In a previous life we ran a pair of HA load ballancers, serial connected
heartbeat and with STONITH, in a Primary Backup config, as a front end
to a whole bunch of ISP type services.

Then had these point to the services (multiples thereof). The published
IP/s on the load ballancers were virtual or floating and moved between
the two.

It gave us a lot of flexibility to adjust the load balancing parameters
sometimes pressing the same in to service for fail-over of a back-end
service, or dropping back end services out of the list for maintenance
or reloads. When you do this though it kills any TCP sessions and it is
up to the client to re-establish these but the load ballancers just
point them at a different service when the re-connect happened. The
state was lost though and each re-connect was a new application session.
For web servers or squid proxys this does not matter much though

Basically if the backend services were load balanced of that front end
then when one failed at least some service was maintained via what
remained and we could drop the failed one out of the load balancing list
once we spotted it (Nagios monitoring). There is no reason why this
could not be scripted. Monit as such was not available to us at that
point in time.

This might be a useful as a paid for service, to offer as an ISP offered
service, but is overkill for a single request from a customer.

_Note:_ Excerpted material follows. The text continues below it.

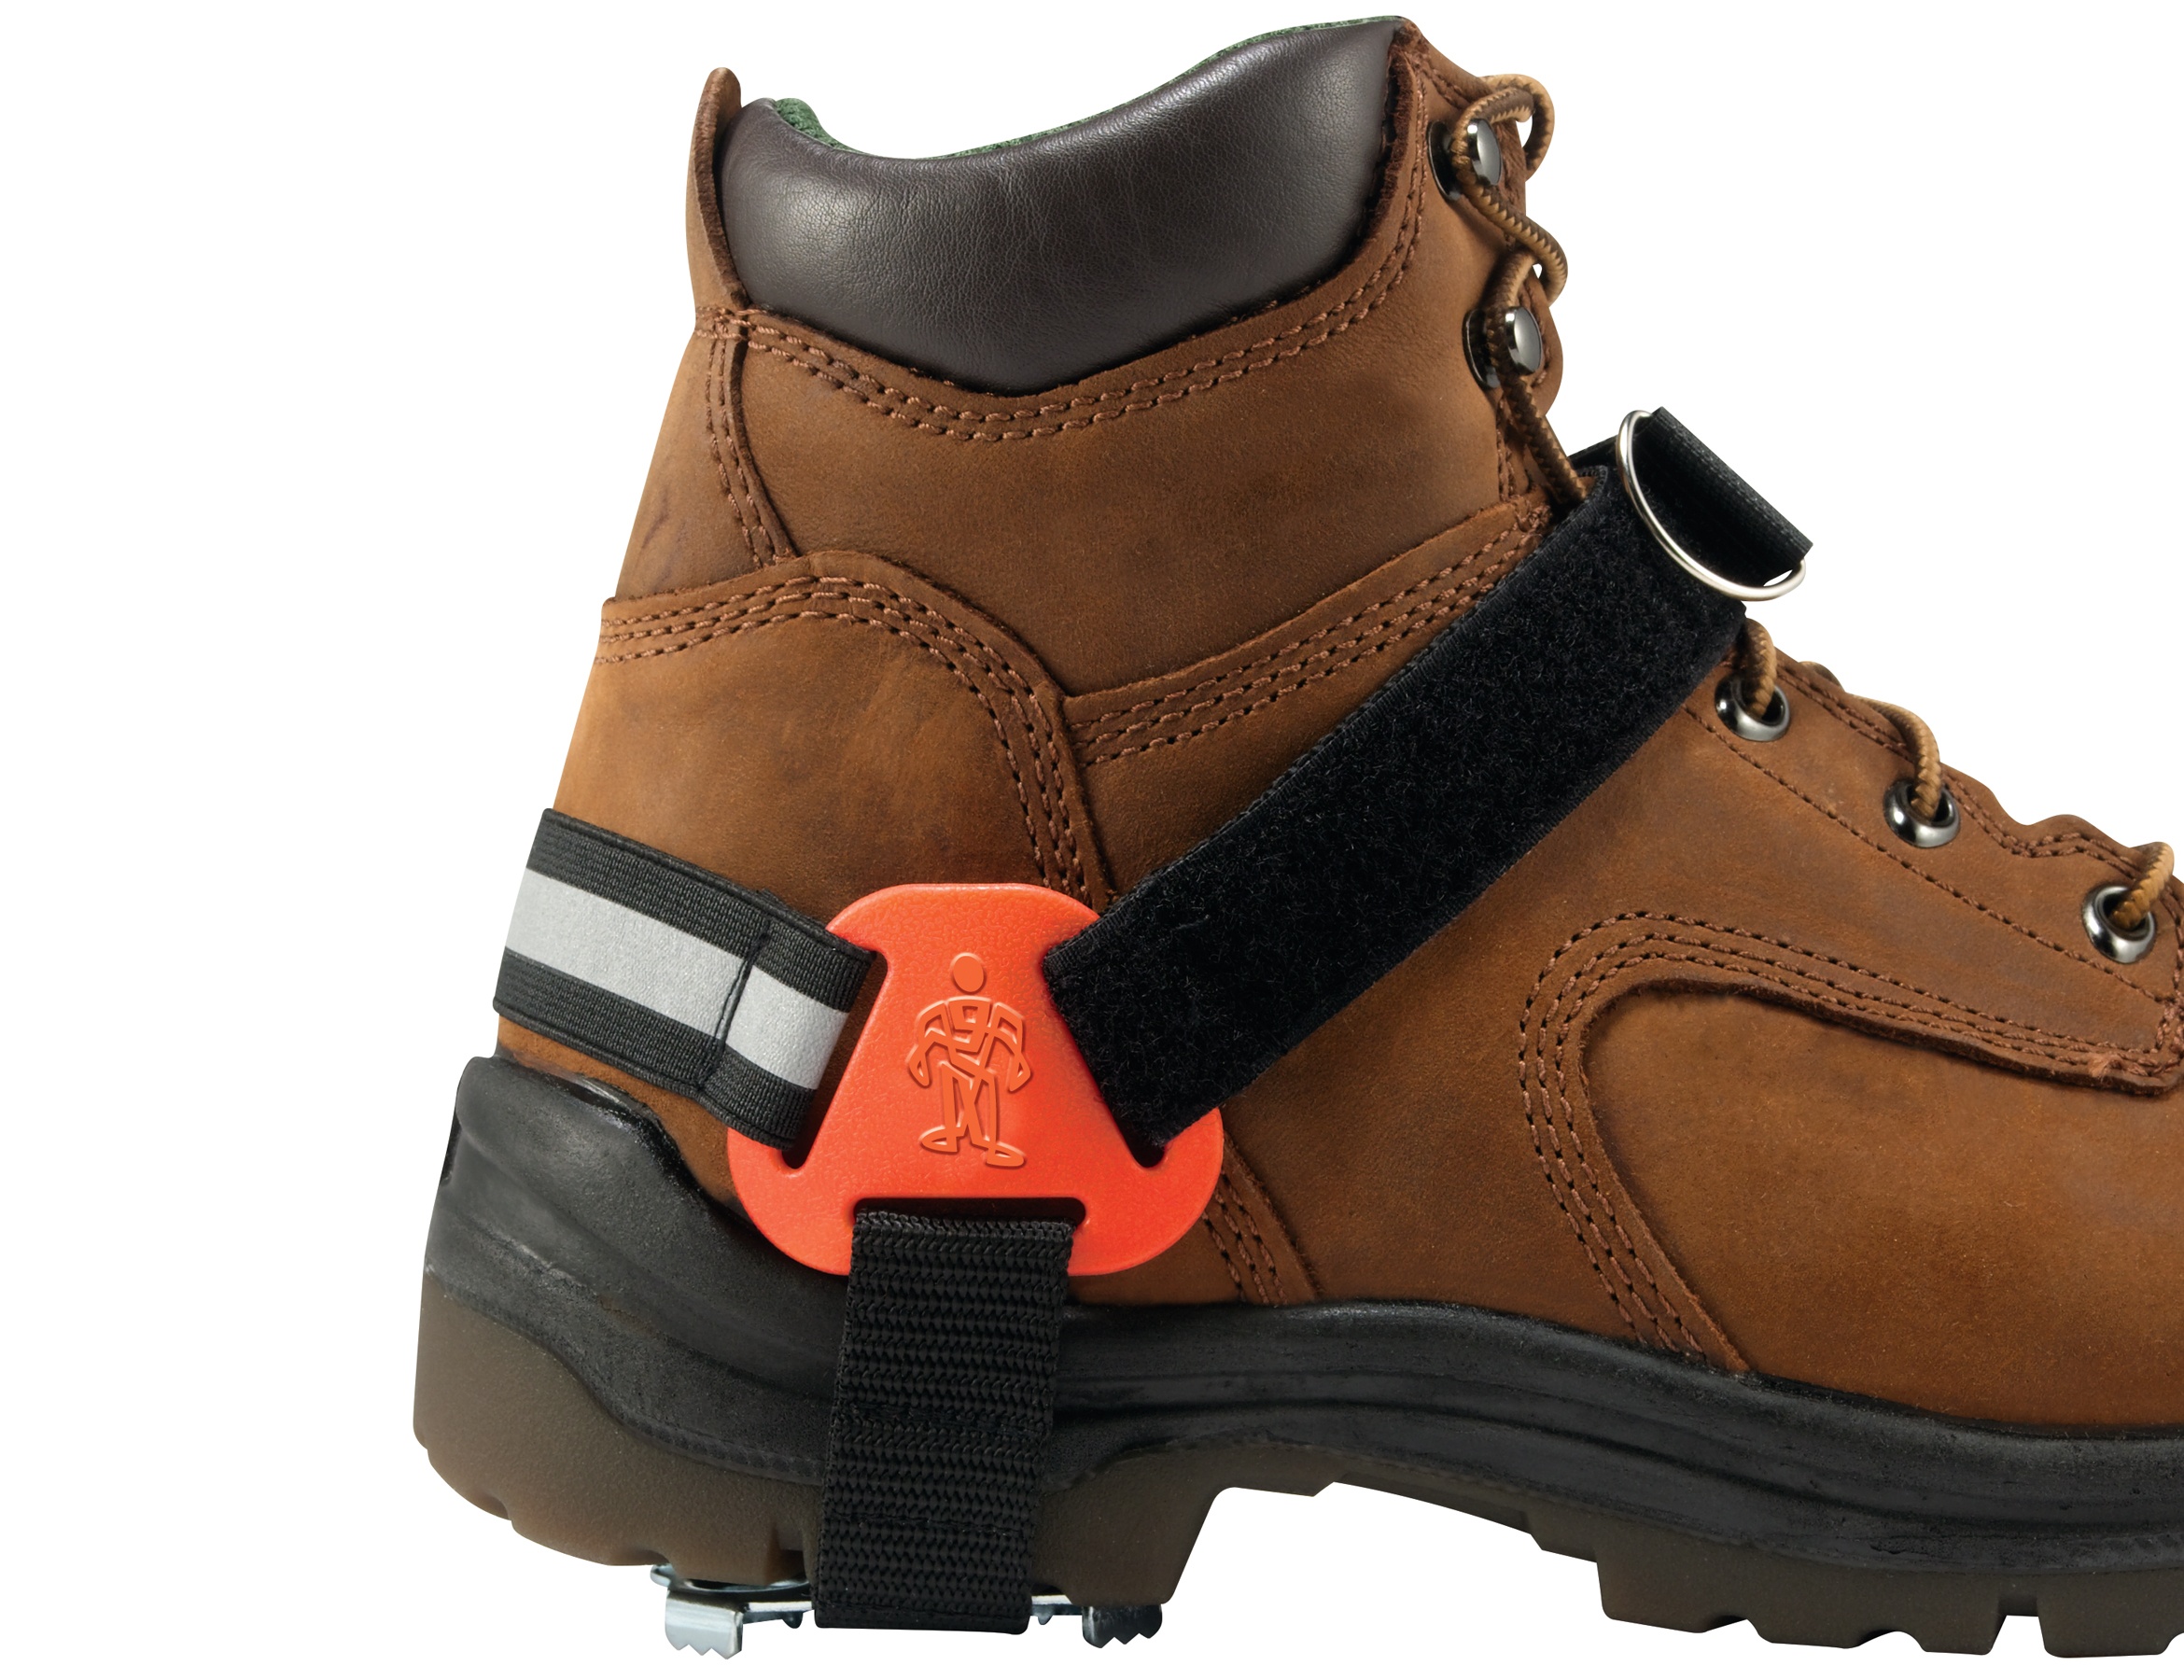 Ergodyne 6315 Trex Strap-On Heel Ice Traction Device from GME Supply
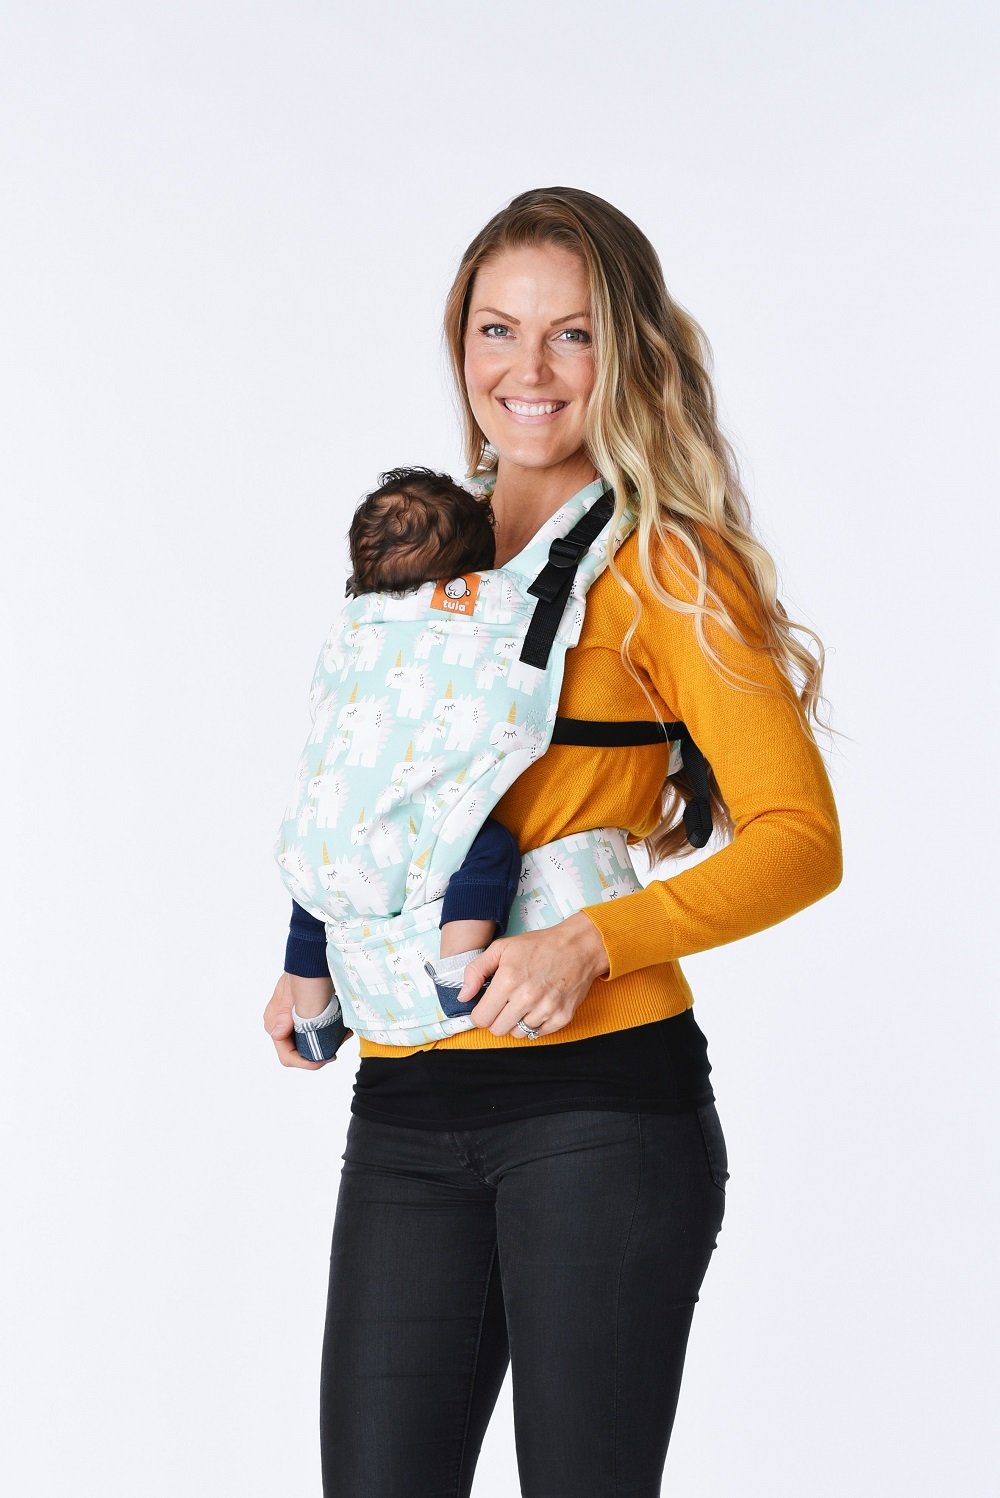 A baby and their mother using the ergonomic Tula Free-to-Grow Baby Carrier Unisaurus in front-carry position.

Alternatively if virtual/floating IP's were available there is no reason
that you could not run a similar setup on your pair of VPS with STONITH
running on the same pair that ran the services, a direct heartbeat
interconnect on a Private-LAN/VLAN or some such if a dedicated heartbeat
serial link was not available and run them as a primary/backup pair.

But as suggested earlier your provider would need to be offering those
extra things (heartbeat link, and virtual/floating IP).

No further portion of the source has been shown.